Как в такой неимоверно сокращенный срок превратить семь сотен людей, неспокойно спящих сейчас под этой крышей, с домашними котомками под нестриженными головами, — здоровых, честных, преданных Родине, но не военных, не вышколенных армейской дисциплиной, — как превратить их в боевую силу, способную устоять перед врагом и стать страшной для него?

Вам, быть может, покажется странным, но в эту ночь, когда я думал о великой войне, о фронте, куда скоро отправлюсь с батальоном, думал о жизни и смерти, о самом большом, самом главном, на чем не часто сосредоточивается мысль, мне вспомнилась «лошадиная история». Генерал Панфилов хохотал, выслушав ее, я смеялся вместе с ним, а между тем…

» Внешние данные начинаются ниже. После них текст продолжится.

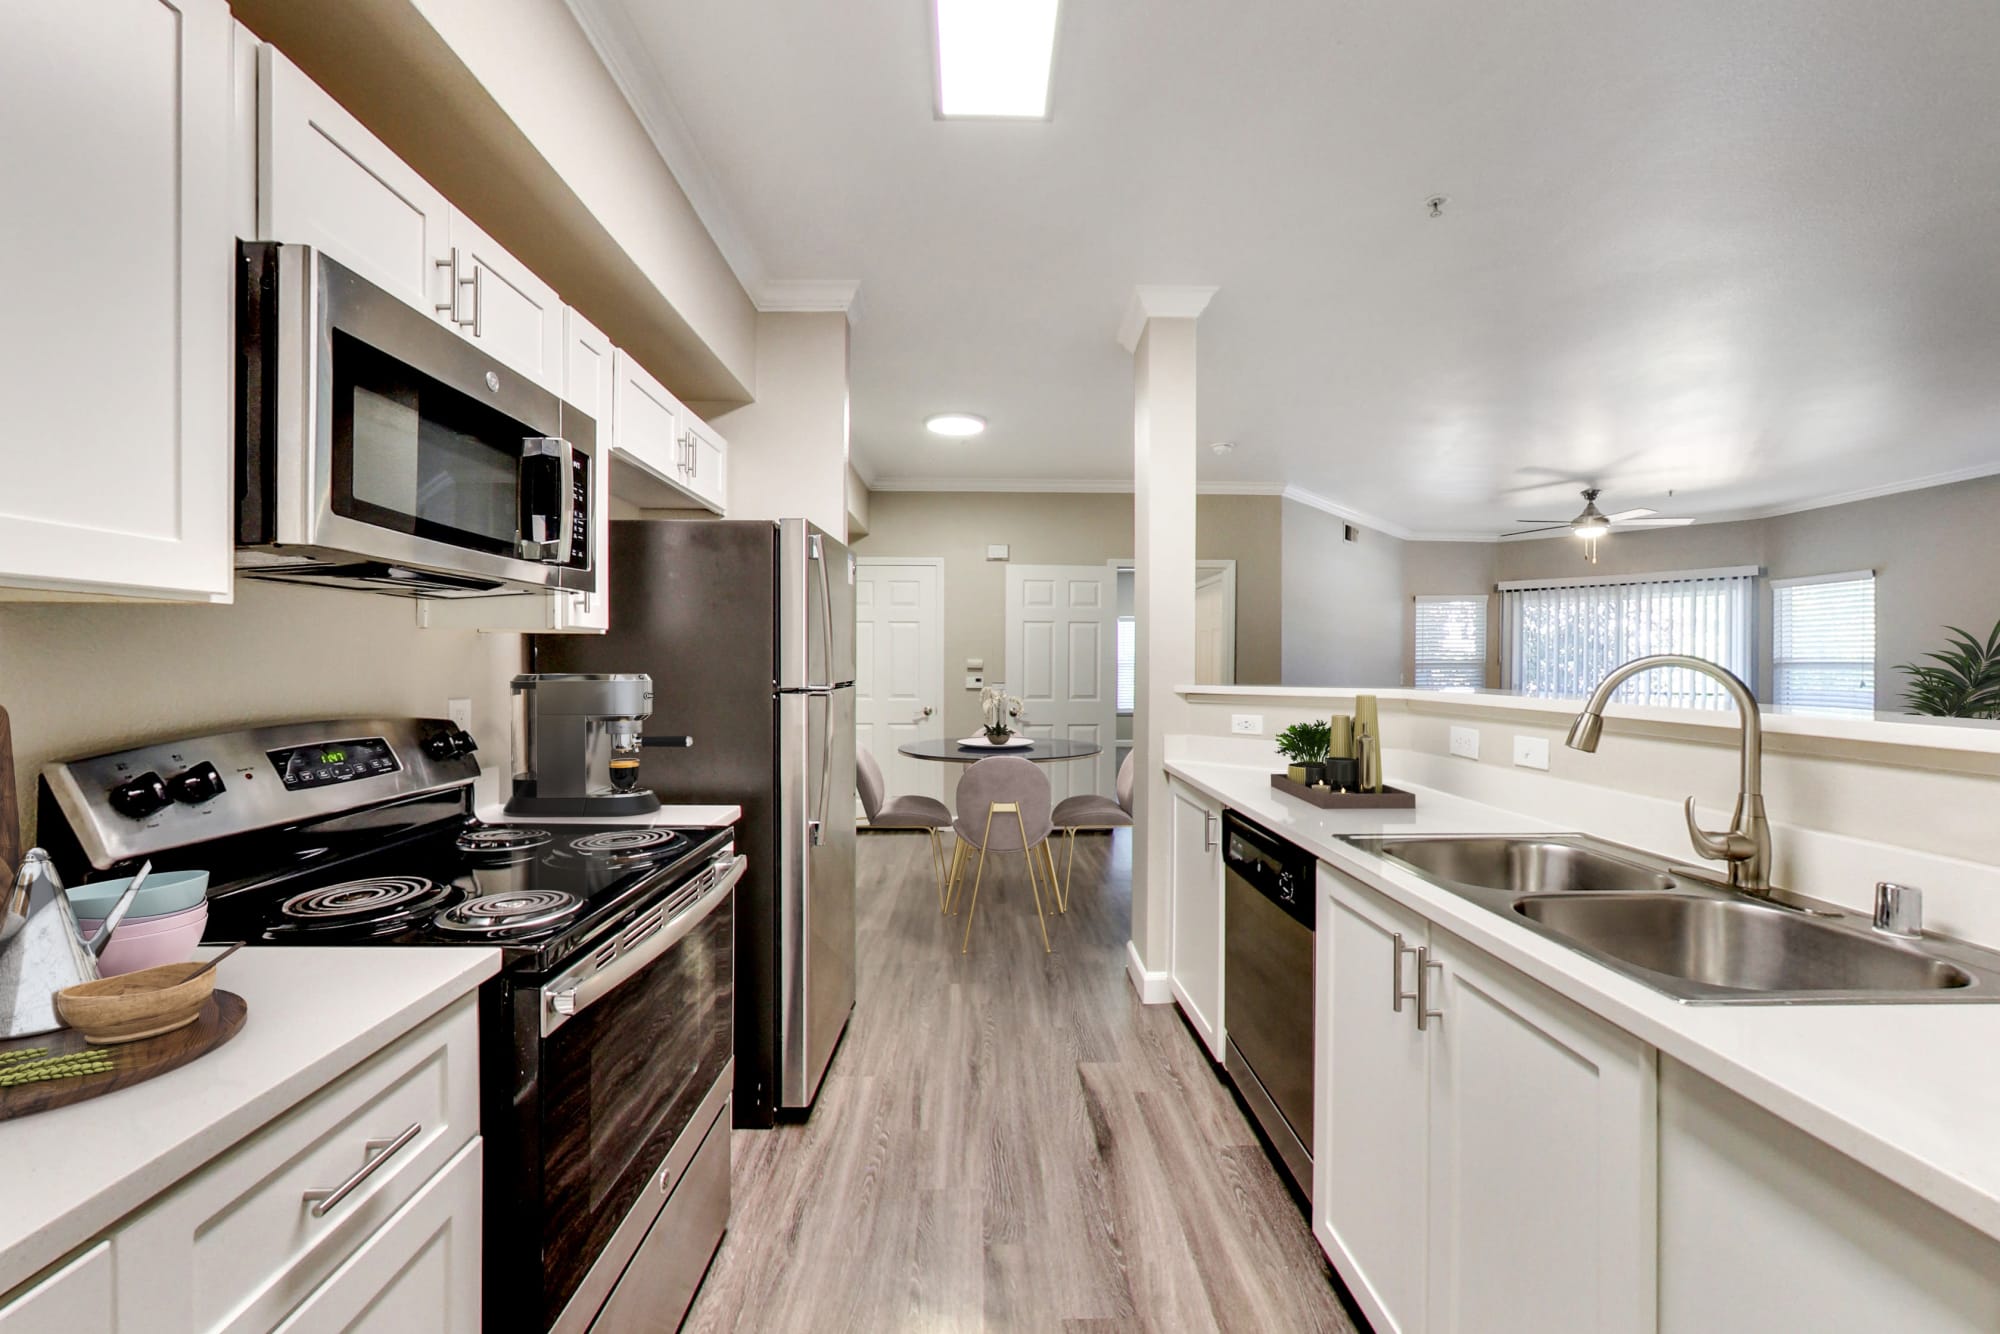 A modern apartment kitchen with white cabinetry at Avion Apartments in Rancho Cordova, California

Вспомнилось, как меня — вольного казаха, степного коня, не выносящего узды, — делали солдатом. Тяжело, невыносимо тяжело дались мне первые месяцы в армии. Мне казалось унизительным: подходить к командиру бегом, стоять перед ним смирно, выслушивать повелительное и краткое: «Без разговоров! Кру-гом!» Внутри все бунтовало: «Почему без разговоров? Что я ему — раб? Что я — не такой же человек, как он?»

И не только внутри. Я бледнел и краснел, дерзил, не покорялся.

Знаете, как в конце концов со мной поступили? Отправили на командные курсы, самого сделали средним командиром — офицером Красной Армии.

Постепенно я уразумел абсолютную необходимость беспрекословного подчинения воле командира.

На этом зиждется армия. Без этого люди, даже пламенно любящие Родину, не будут побеждать в бою.

Но как этого добиться поскорее? Ведь в нашем распоряжении лишь считанные дни, немногие недели… Как в такой срок создать дисциплинированную, обученную, страшную для врага силу, имя которой батальон?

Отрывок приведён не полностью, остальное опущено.